Top 10 Mistakes Now That Could Blow Up Your Exit
As you build the equity in your business, taking steps now on how you may be perceived when it comes time to exit could be the difference between success orfailure.
- Failing to “Sew Up” Your IP: If you do not definitively own the intellectual property you are trying to monetize, you have no negotiation. Period. Acquirers do not work off of presumed ownership, they buy based on actual, proof-in-hand ownership. Like selling the Brooklyn bridge you don’t own it, so it’s hard to get paid for it
- Hiring the wrong (or no) Advisors: Whom you choose as an attorney, CPA or investment banker is important. Money spent on experienced professionals to help you in business will pay off in gold; having inexperienced advisors (or no advisors at all) could not only cost you much in both time and money, it could cost you the very deal you’ve been working to close. If your financials are inaccurate and/or not GAAP compliant (cash basis is not GAAP), cleanup of financials can delay / kill deals
- Bad Exclusive or Strategic Business Relationships: Relationships are everything, and that’s true even in business. When you have established a major relationship with the wrong partner, there are always major risks involved. It could, indeed, threaten your deal. Some exclusive commercial relationships with one party can turn off another acquirer.

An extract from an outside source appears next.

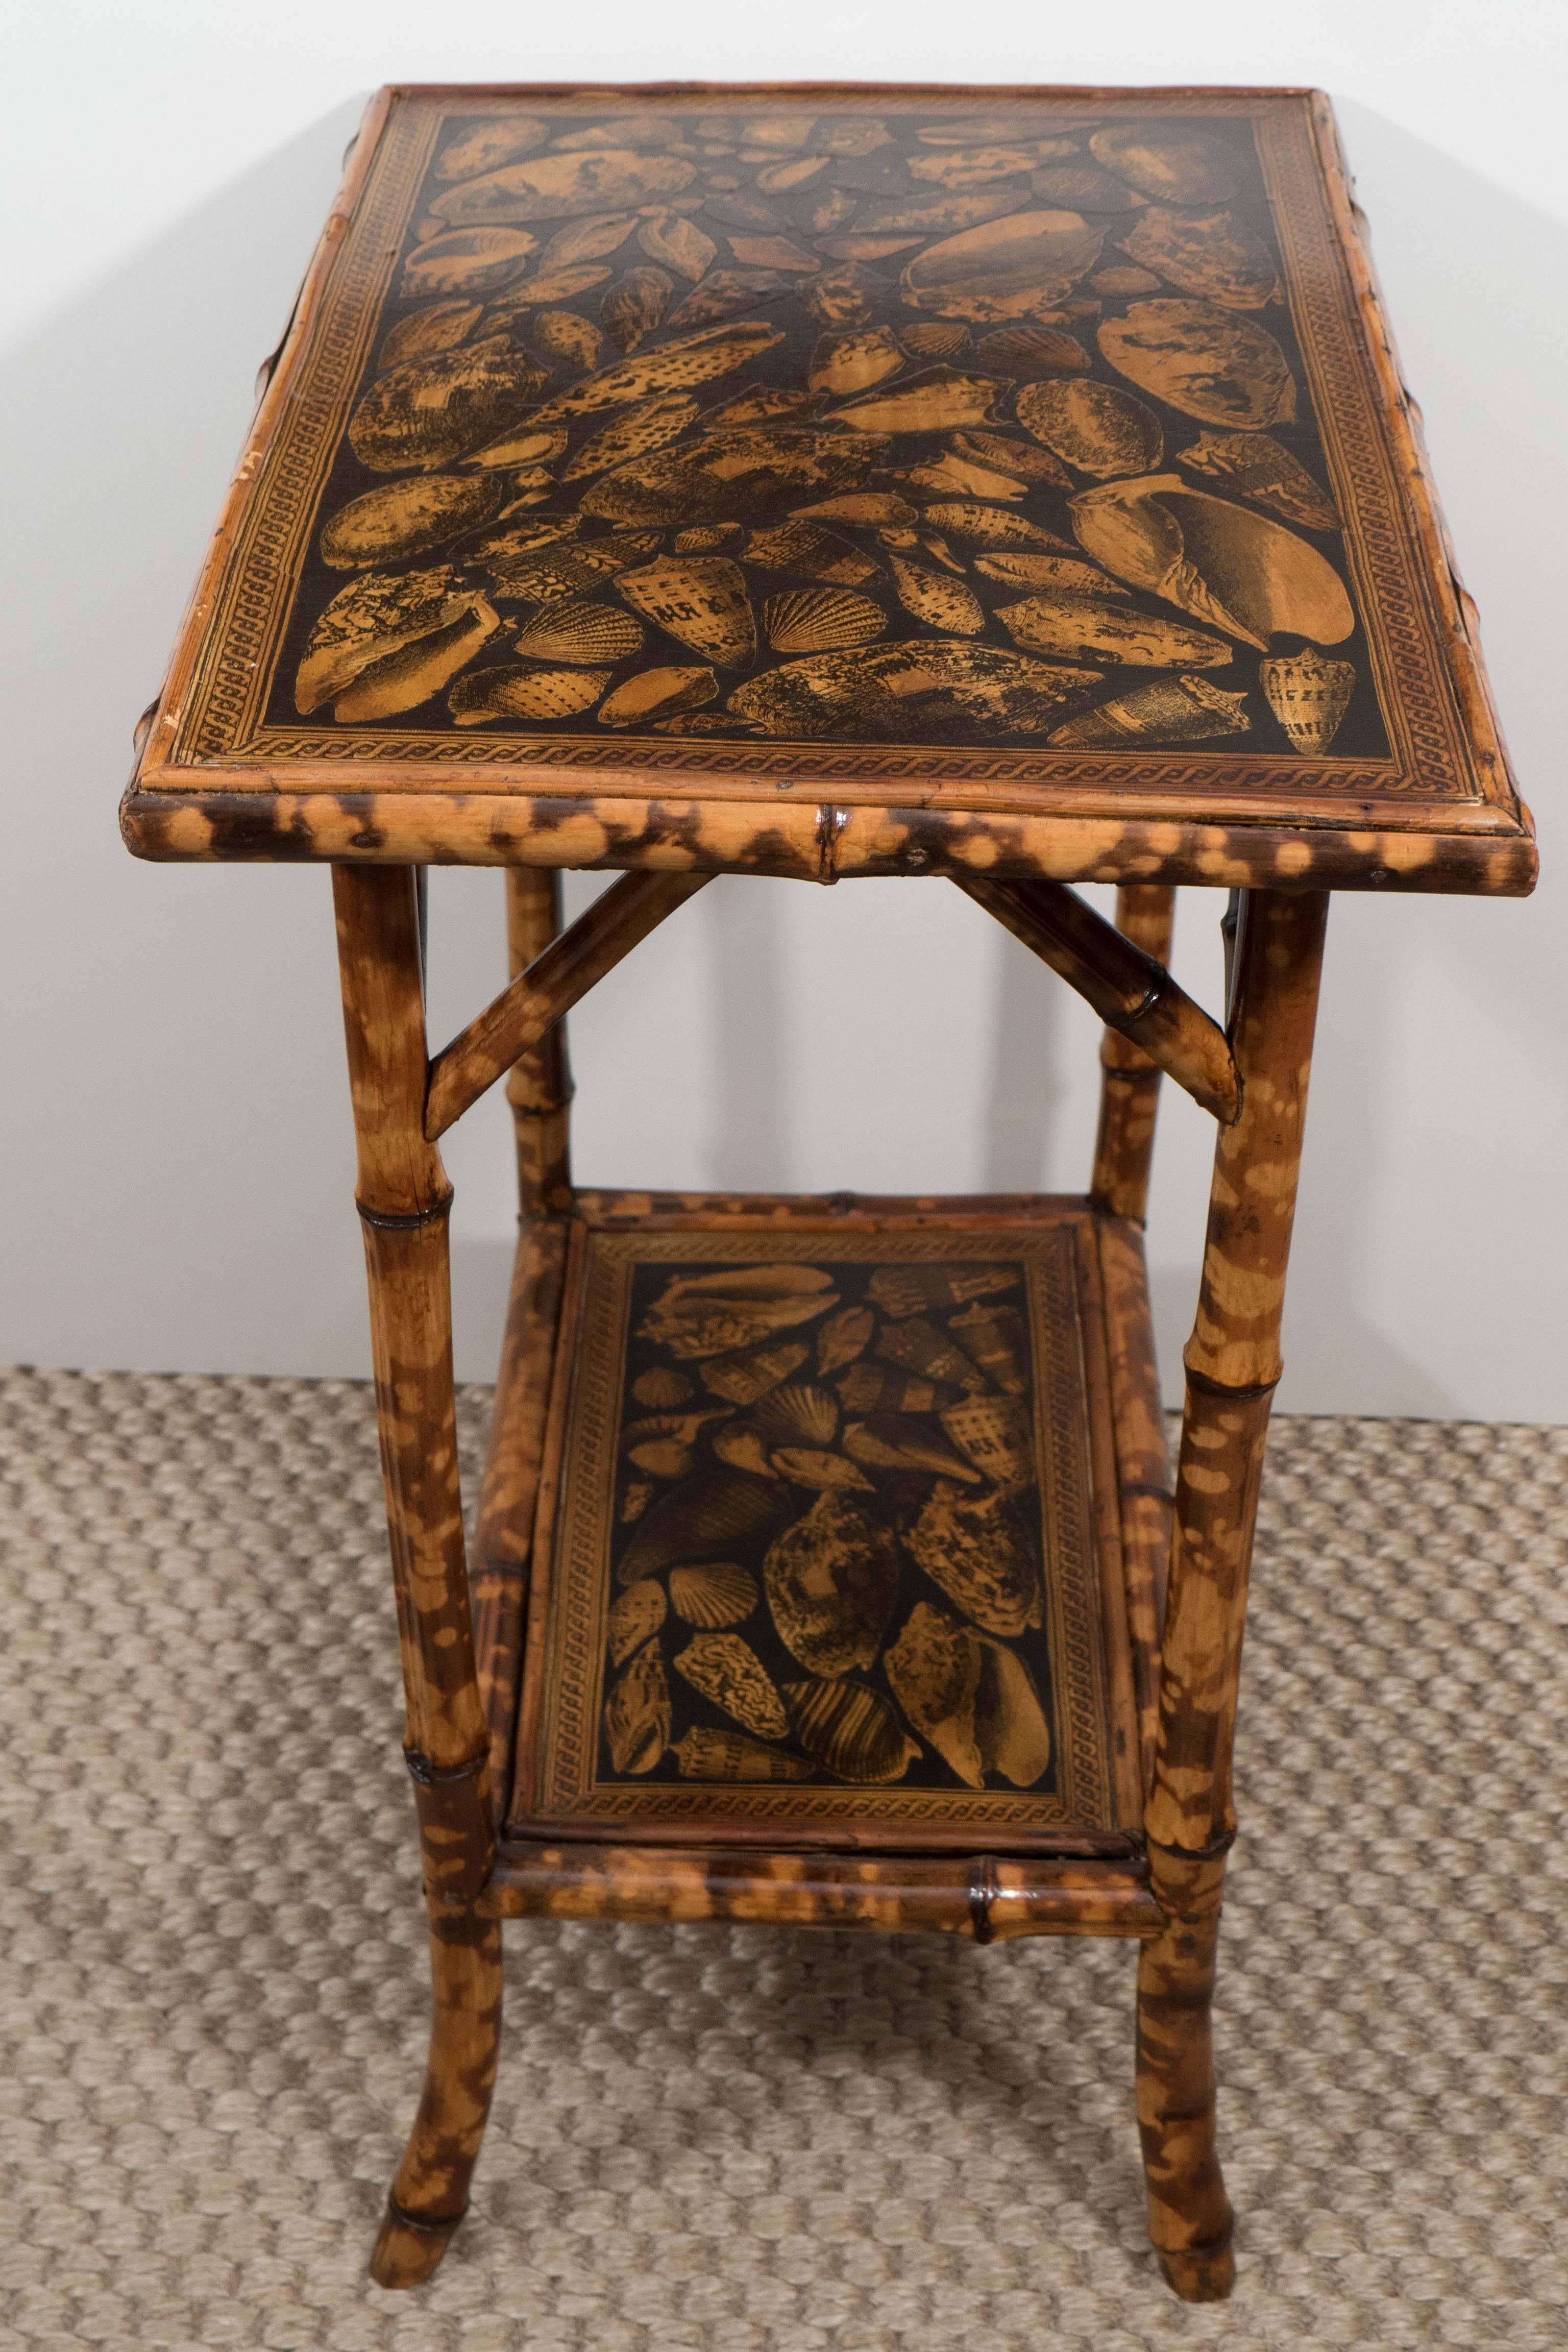 Small Bamboo Table with Decoupage Shells 1

- Board Constitution Challenges: Lack of documentation when significant members (such as, a board director) are replaced. Again, validating certain actions retroactively are very difficult, especially when key players are no longer easily accessible. Detailed, timely documentation is your friend, my friend.
- No Drag Along: What if your investors don’t want to sell at a price you like? If you have investors who don’t like the deal you’ve been offered or a significant number who are holding out, your deal may quickly evaporate.
- Too Many Investors: A buyer may find your company less attractive if you’ve sold stock to too many investors. Too many shareholders or unaccredited investors, even if not in violation of securities laws, can bind an acquirer looking to pay you with stock
- Securities Law Drama: Offering shares of stock or options to unaccredited investors can be costly (in California, one violation can cost you $2500, in addition to other penalties). Just because you heard someone else did it doesn’t make it legal in your situation. Double check the validity of what you are offering BEFORE you offer it.
- Cap Table Drama. Document, document, document. Did we mention documenting? You have to be able to quickly and clearly outline who owns what, and that means you have to track your options and shares. You should also give some thought as to how options may be treated in the event of a change in management.
- Employee Compensation Issues. Compensation is a huge subject, and when this part of the equation has major holes, you also are waving major red flags. Here are a few examples: classifying consultants as employees, failing to report the appropriate values when stock is offered as part of the compensation package, failing to file 83(b) elections and failing to withhold employment taxes. Straightening out these types of issues can be very costly and time consuming and can definitely reduce your chances of a smooth exit.
- Failing To “Keep House.” Presumably, you are holding formal meetings to keep everyone abreast of what is happening. If you are not, start. Nothing is more important than assuring that every facet of the organization knows what is happening and is involved. The exact same is true for board meetings and stockholder actions. Nothing tells a potential investor your house is in disarray quite like the lack of documentation and/or the lack of involvement from your corporate attorney on major decisions. The fix is simple: take detailed minutes and make sure that your corporate attorney is present at every board meeting.
What do you think of this list? Anything you might add?